→ Task input
####

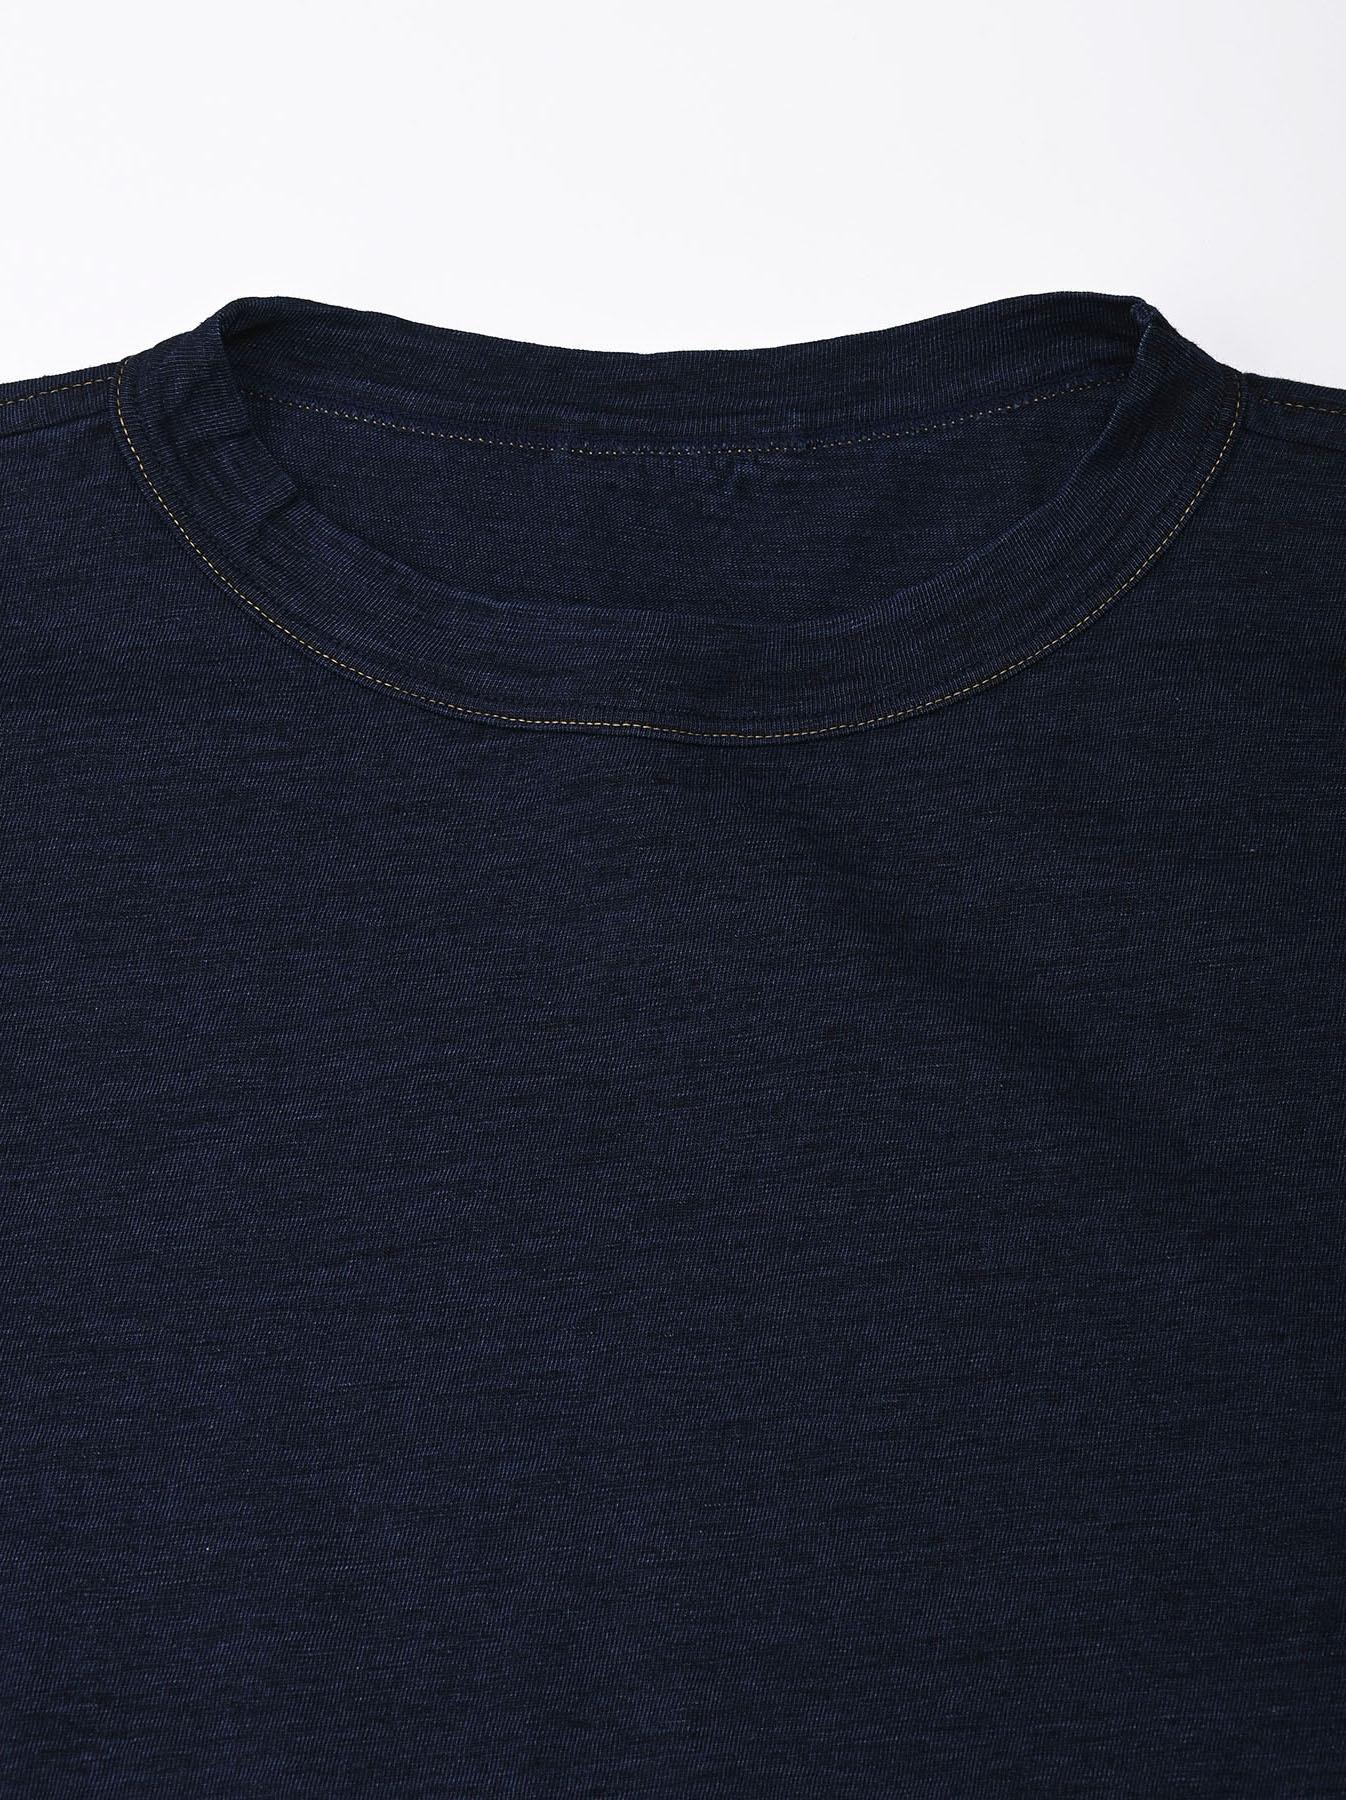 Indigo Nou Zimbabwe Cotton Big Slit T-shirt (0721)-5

####

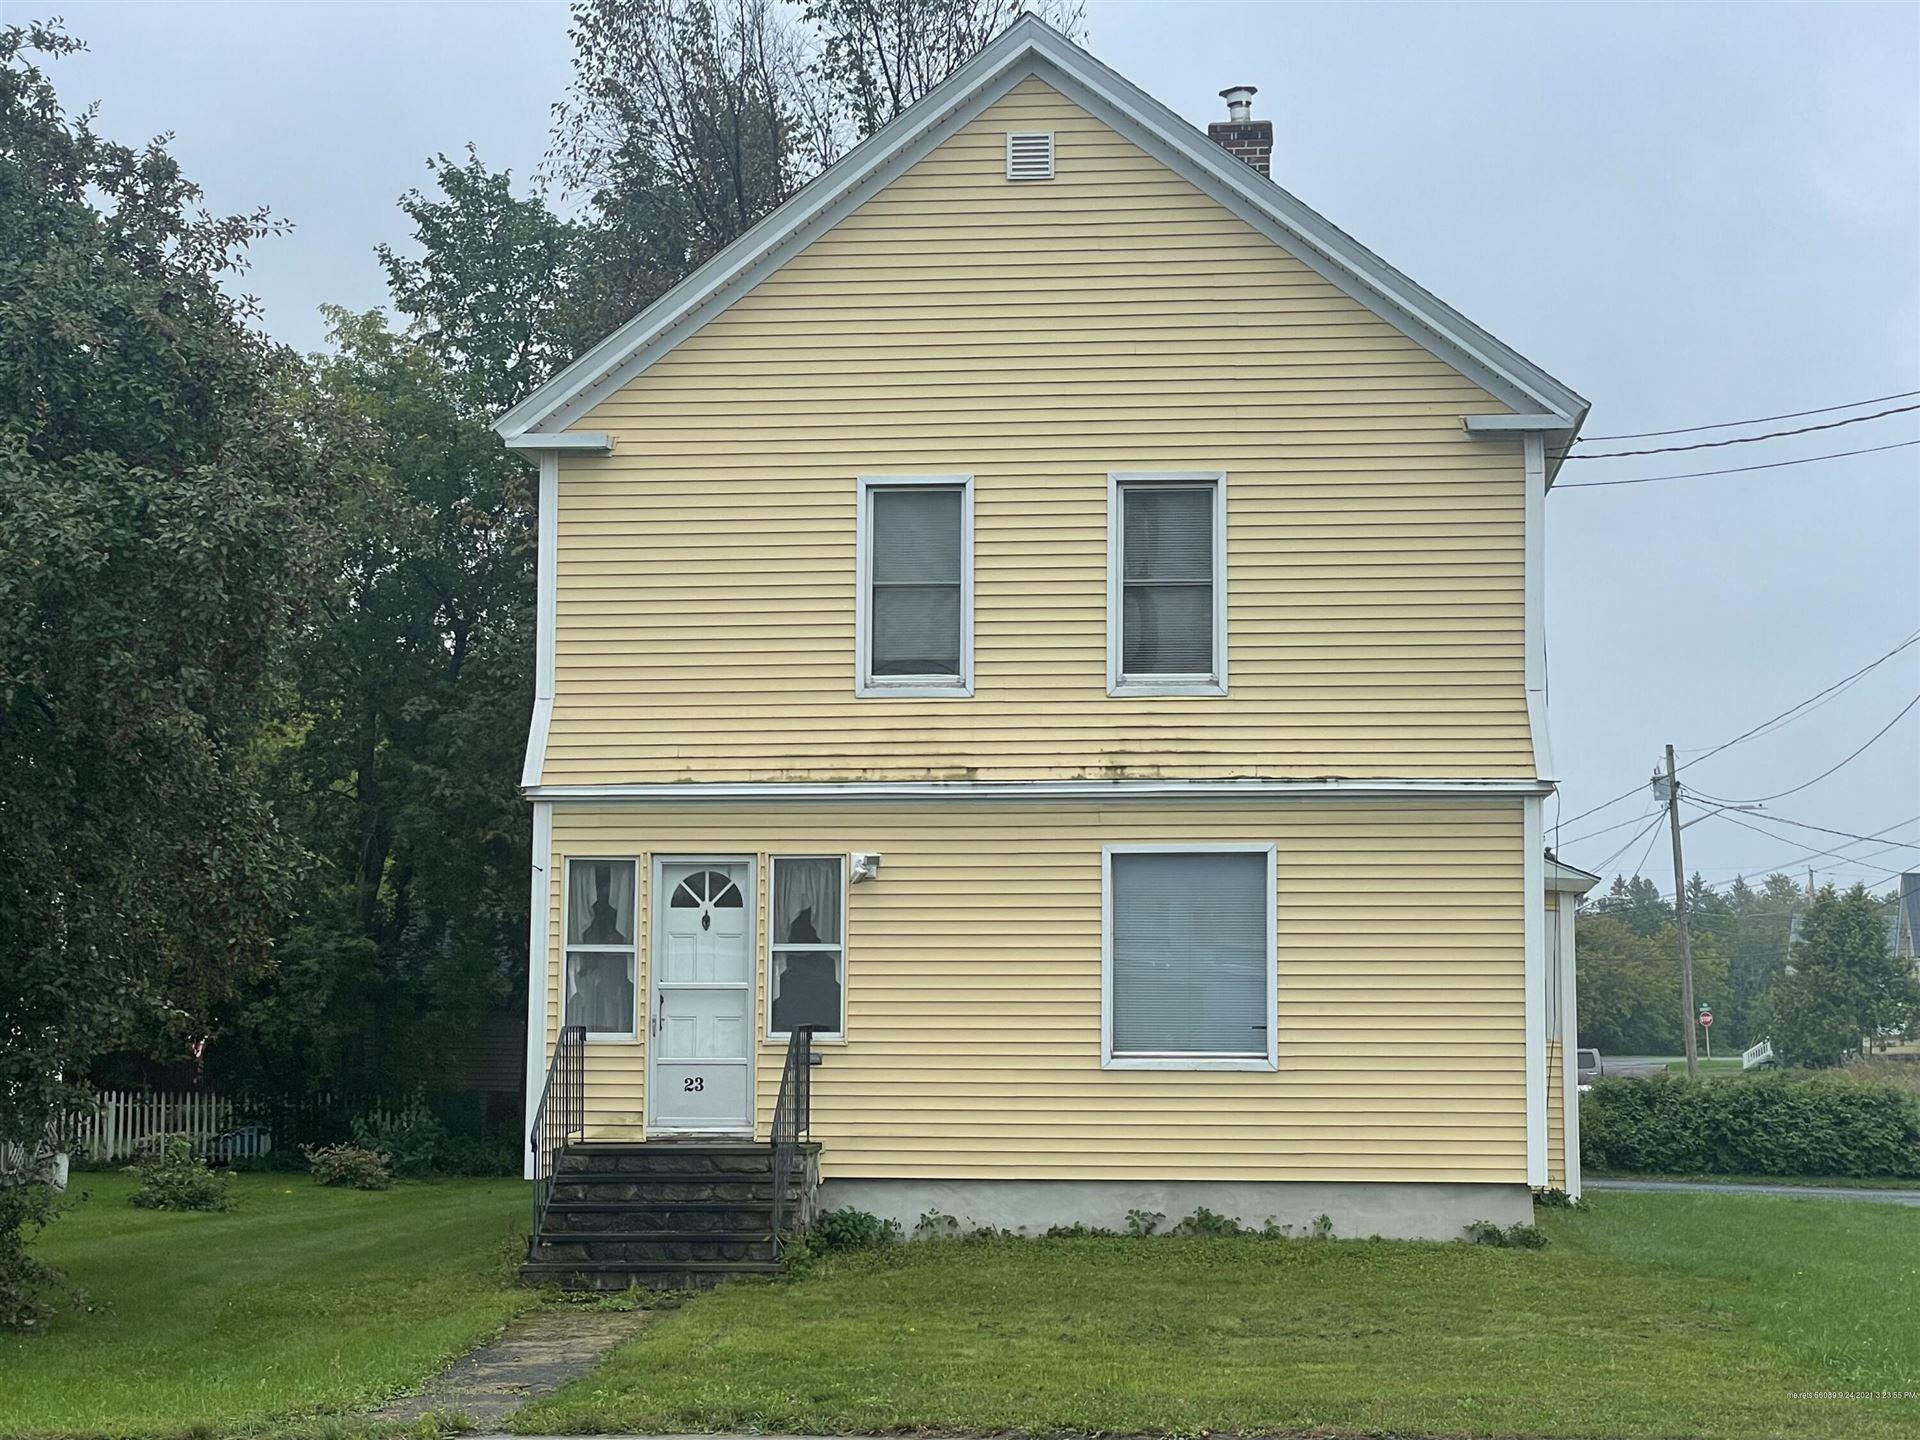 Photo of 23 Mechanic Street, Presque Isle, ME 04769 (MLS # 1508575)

####

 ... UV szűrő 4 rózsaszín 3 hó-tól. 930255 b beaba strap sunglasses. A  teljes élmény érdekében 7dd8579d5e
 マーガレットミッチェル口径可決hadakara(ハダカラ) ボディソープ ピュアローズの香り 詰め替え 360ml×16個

####

→ What you are asked to do
Only the lines from the one containing "élmény érdekében 7dd8579d5e" through the one containing "マーガレットミッチェル口径可決hadakara(ハダカラ) ボディソープ ピュアローズの香り" are to be retyped, both boundary lines included, with no other material.

→ Answer space
 ... UV szűrő 4 rózsaszín 3 hó-tól. 930255 b beaba strap sunglasses. A  teljes élmény érdekében 7dd8579d5e
 マーガレットミッチェル口径可決hadakara(ハダカラ) ボディソープ ピュアローズの香り 詰め替え 360ml×16個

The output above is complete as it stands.